Я еще до суда была в Фотоцентре, видела съемки крупным планом: фото и видео. Валяется кабинка туалета, и растеклись фекалии по асфальту. И девочку тащат лицом по этим фекалиям, у нее задралась маечка, сиськи голые, и ее за ноги тащат два огромных озверевших мужика. Крупным планом мужик. У него лицо… так в плохих фильмах играют фашистов. Это неправильно так играть. Озверевшая морда огромного мужика бьет в пах мальчика, валяющегося на асфальте и избитого дубинкой. Старая женщина, которую дубинкой бьют по голове. Такое я видела только в городе Брюгге в музее Мемлинга, там средневековая казнь, вот там такие картины.
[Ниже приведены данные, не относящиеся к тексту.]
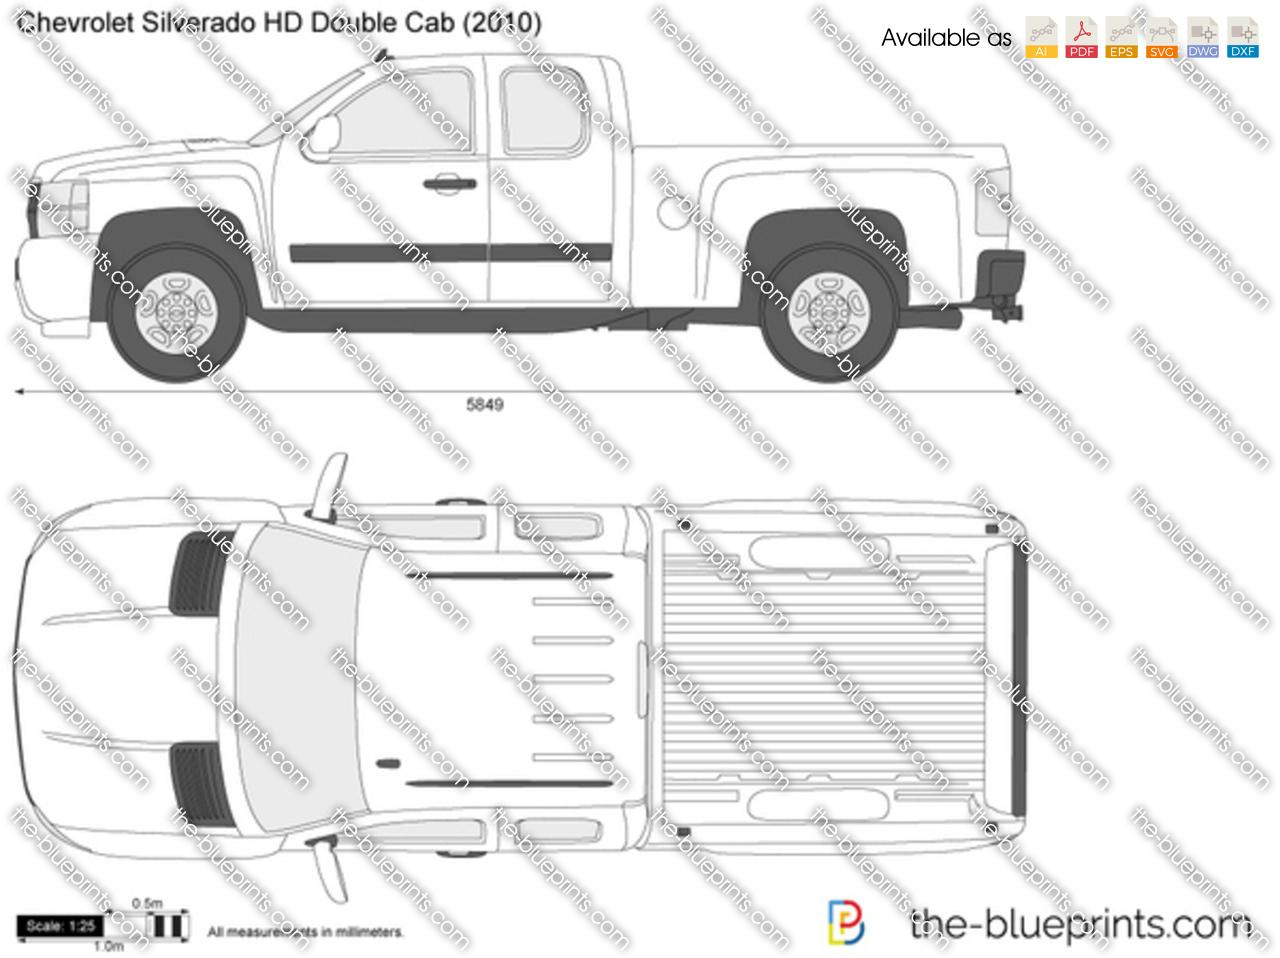 Chevrolet Silverado HD Double Cab 2008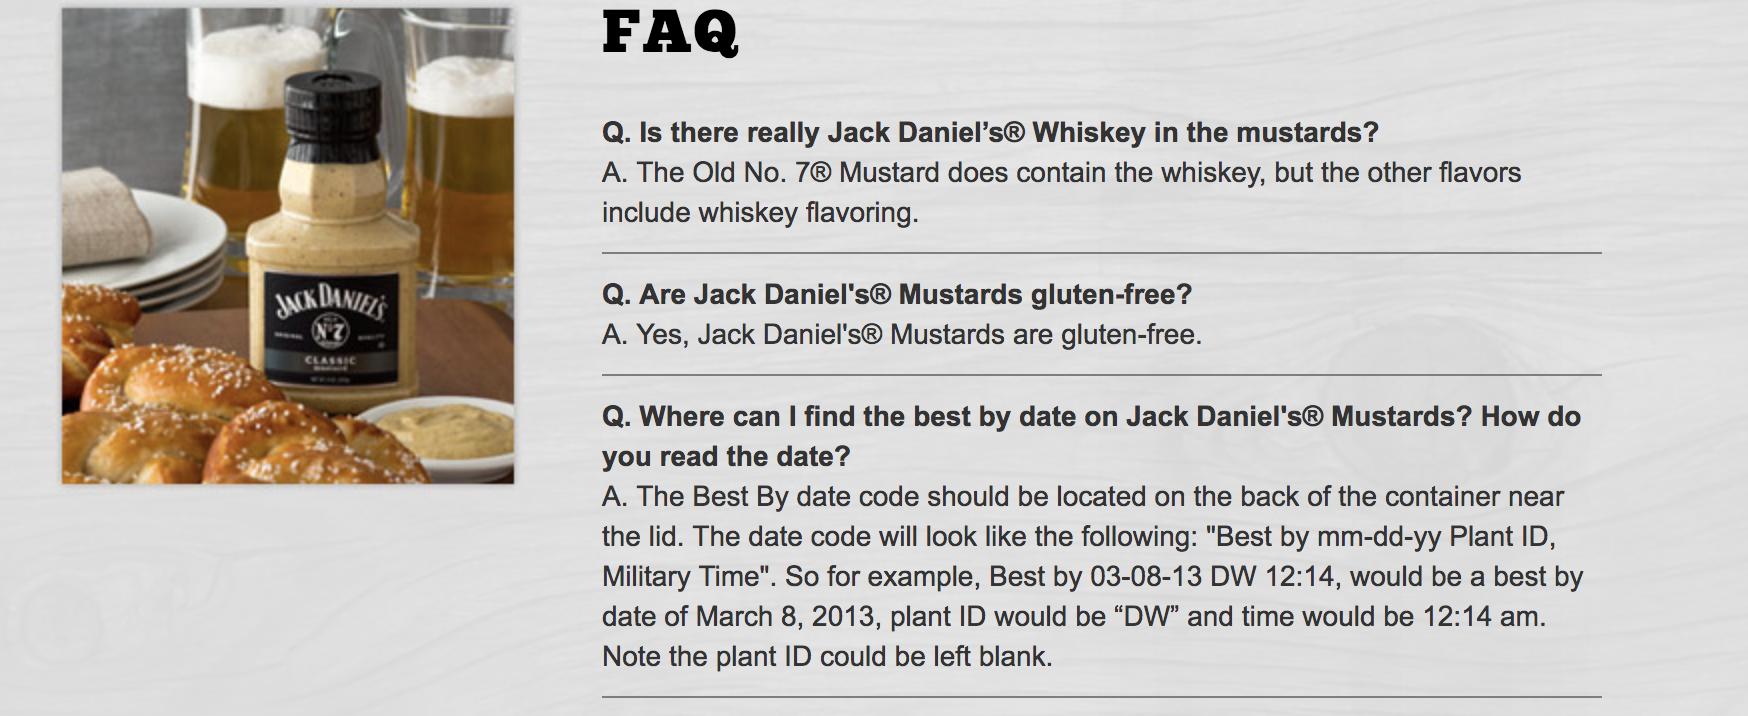 jack daniels mustard faq

— А эти фото и видео из Фотоцентра не отсматривались в суде?
— Нет, этого нету на суде».)
Комментарии Минаева меня ужаснули.
— А как-то объясняли следователи, прокуроры, почему отсматривается именно эта пленка? Суду же нужно смотреть, что на площади было, а не на Минаева в студии.
— Нет, нам не объяснили.
— Как реагировали на реплики Минаева судья, прокуроры?
— Никак. Вот как лежали, так и лежали…
— А зал как реагировал на его реплики?
— Ну что вы, мы все были тише мыши. Я уже знаю эти дела — выгонят и все. А еще, не дай бог, из-за меня маму чью-нибудь выгонят. Все, что наговорил Минаев в комментариях, хотя они абсолютно расходятся с видеорядом, пойдет в обвинение. Я не знаю, чем он за это расплатится. Если он действительно верующий человек, как он перед Богом ответит: я посадил 12 человек в тюрьму ни за что ни про что. Он-то знает, что это были мирные граждане, ни в чем не виноватые.
— То есть вы думаете, что если бы не было комментариев Минаева, то по-другому бы реагировали и прокуроры, и следователи, и судья?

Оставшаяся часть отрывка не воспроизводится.